Vomiting
Paediatrics
Introduction
Vomiting in children is a common symptom with various causes, including infections, gastrointestinal issues, and more serious conditions like intestinal obstruction. Taking a medical history involves assessing the onset, duration, frequency, and appearance of vomit, along with associated symptoms such as fever, abdominal pain, or dehydration. This helps identify the underlying cause and guide appropriate management.
WIPER
W – Wash/Sanitise hands.
I – Introduce yourself and establish patient demographics. Confirm the childs name and the relationship of the accompanying adult.
P- Permission, taking consent
E – Expose the patient (if needed)
R- Reposition
Presenting Complaint
Onset – When did he/she first start vomiting? What were they doing at the time? How much vomit did they bring up?
Character/colour – What colour is the vomit? Does it have any blood, mucus or bile in it? Is the vomiting projectile, posseting or regurgitating back?
– Does the child get reflux with or before vomiting?
Associated features
General health– Has the child been ill or irritable recently aside from the vomiting?
Bowels – Have you noticed any changes in their bowel movements? Is there diarrhoea or constipation?
Urine – Have you noticed any changes in their urine? Does the child complain of pain? Is the urine smelly?
Height and Weight– Have they lost any weight since the symptoms started?
Timing – How long does the episode last for? Is the vomiting associated with their eating and drinking time?
Exacerbating/relieving factors – Anything in particular that brings the vomiting on/makes it worse? Is it worse when the child is sitting or lying down? Has the carer tried any OTC medication (e.g. Gaviscon)
Subsequently– How does the child behave/feel after the vomiting episode? Are they hungry for more food? Are they drowsy?
Systems Review
Does the child have a fever/rash?
Any complains of pain anywhere else i.e. headaches?
Do they seem more drowsy/dizzy?
Are they sleeping okay?
Has their eating and drinking been affected?
Use this opportunity to elicit ideas, concerns and expectations
Be sure to summarise the history
Past Medical History
W – Wash/Sanitise hands.
I – Introduce yourself and establish patient demographics. Confirm the childs name and the relationship of the accompanying adult.
P- Permission, taking consent
E – Expose the patient (if needed)
R- Reposition
Medications
Are there any prescribed or OTC medications?
Family History
Anyone in the family have or have had similar symptoms?

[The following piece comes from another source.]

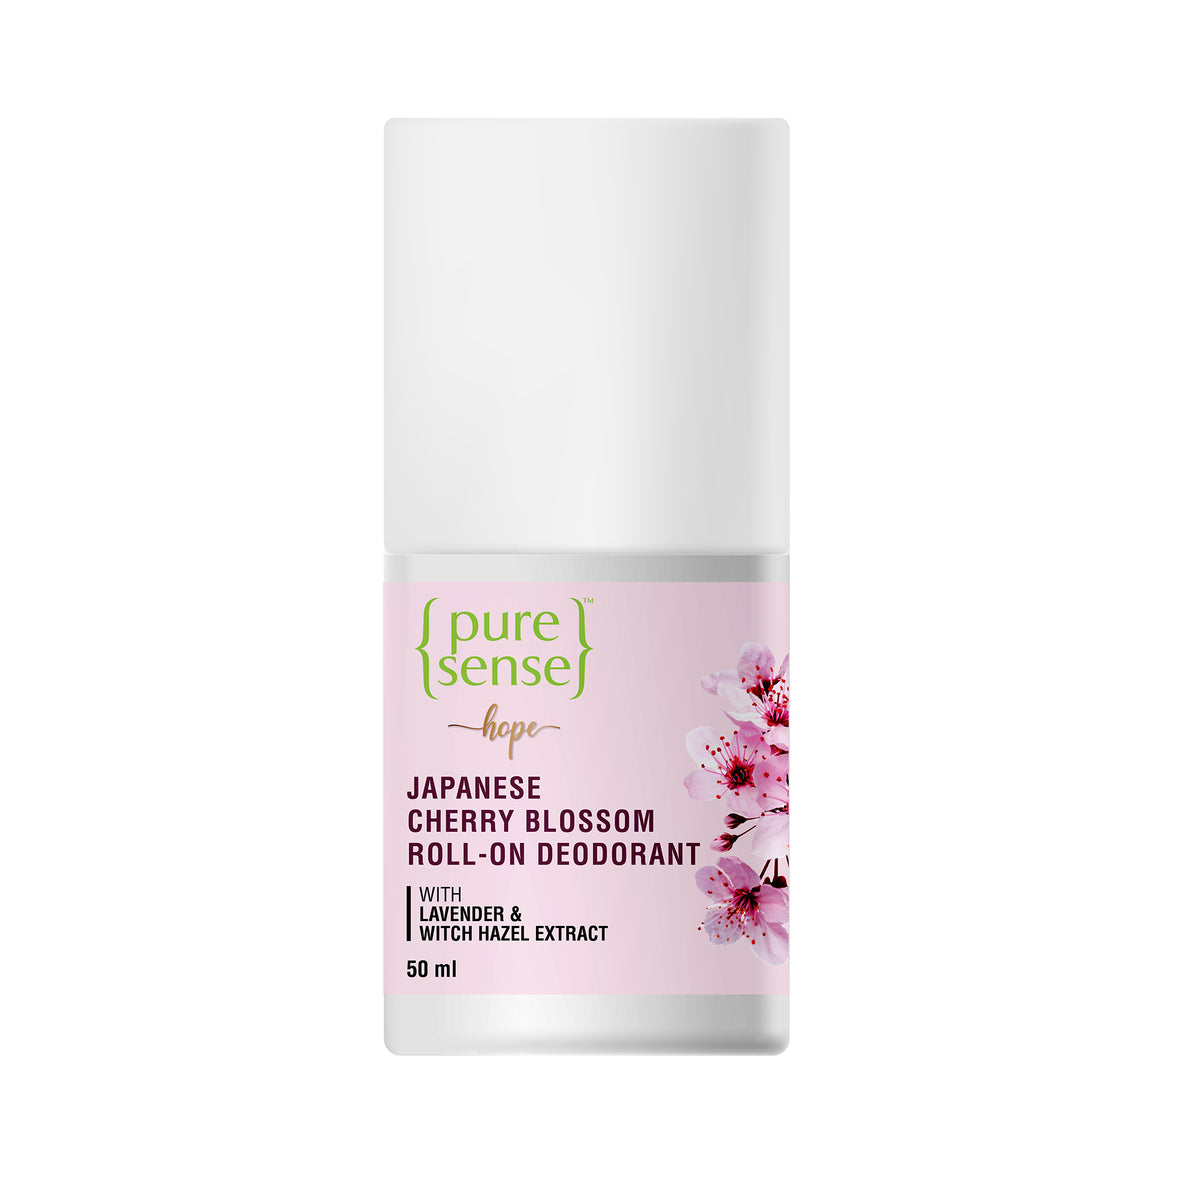 Hope Japanese Cherry Blossom Roll-on Deodorant
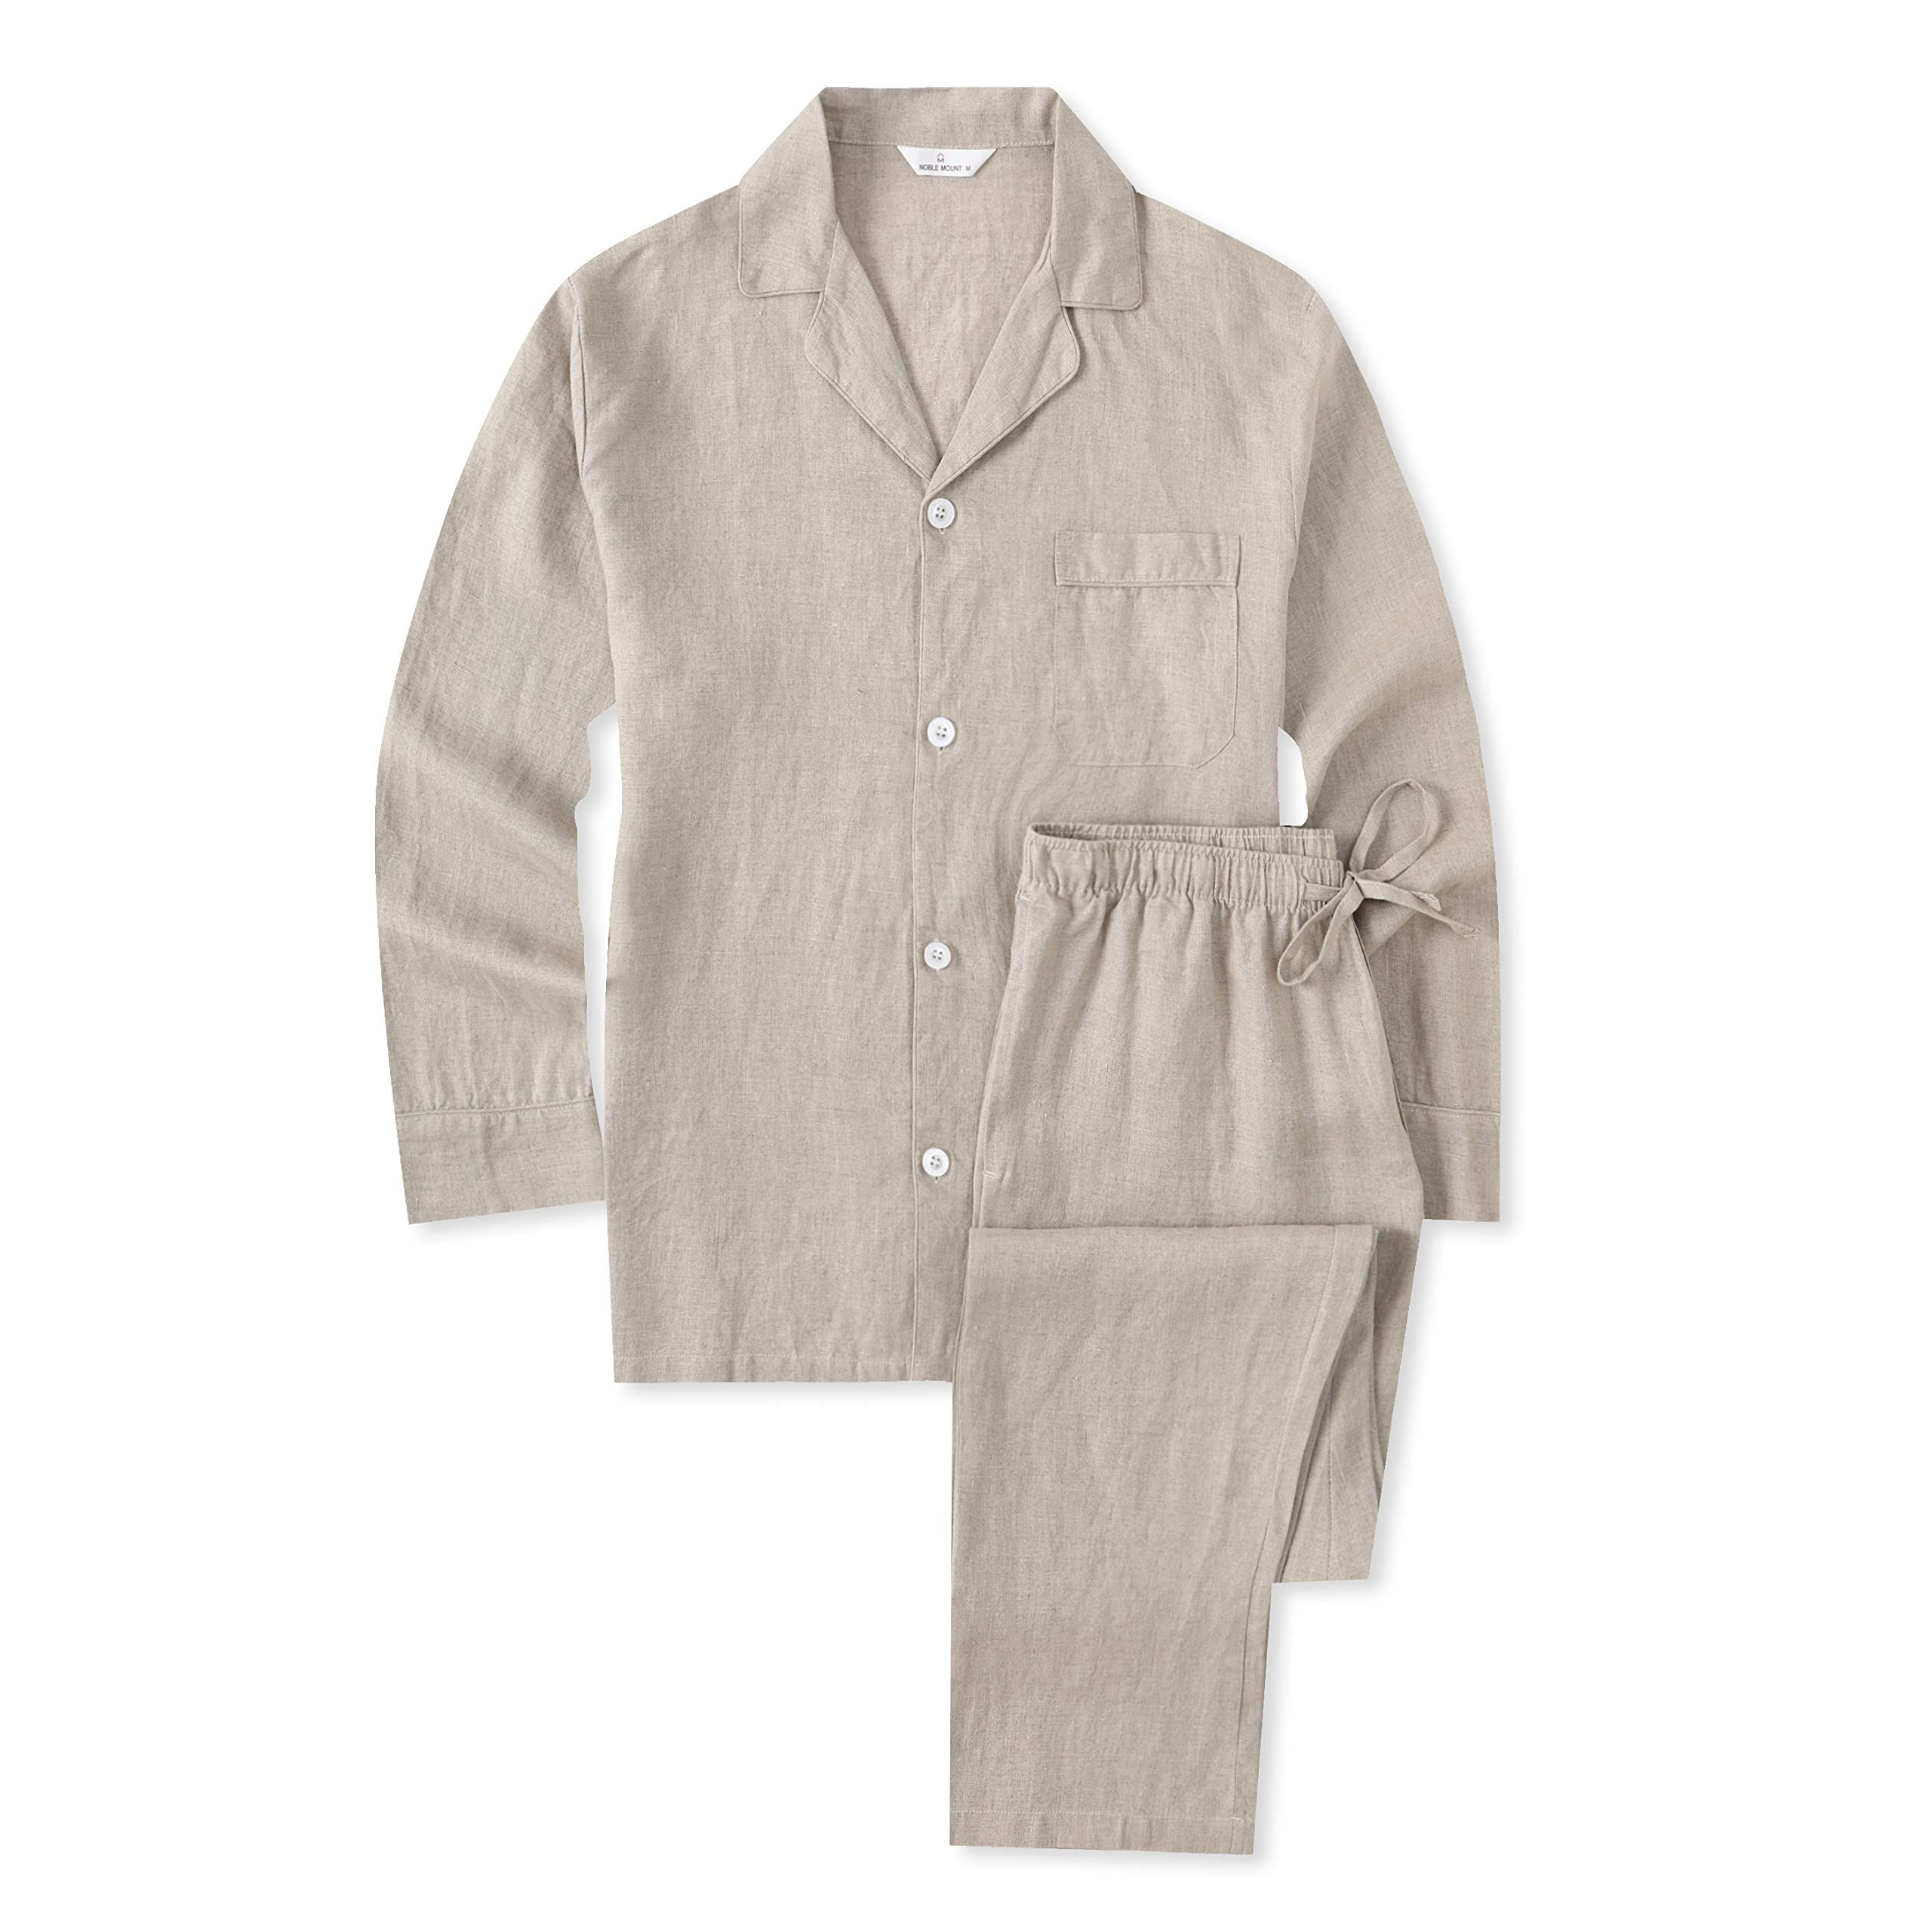 Noble Mount 100% Linen Men's Pajama Set for Summer - Belgian Linen

Any conditions that run in the family such as coeliac disease and IBD.
Social History
Is there anyone else at home with similar symptoms? suspect gastroenteritis
Differential Diagnosis
Meningitis (when accompanied with non-blanching rash, photophobia and fever).
GORD - history of reflux, curving of spine, severe distress on feeding.
Pyloric stenosis - projectile vomiting in the first 10 weeks of life.
Intussusception - signs of bowel obstruction with swelling in the abdomen
Coeliac disease - vomiting, belching and skin changes.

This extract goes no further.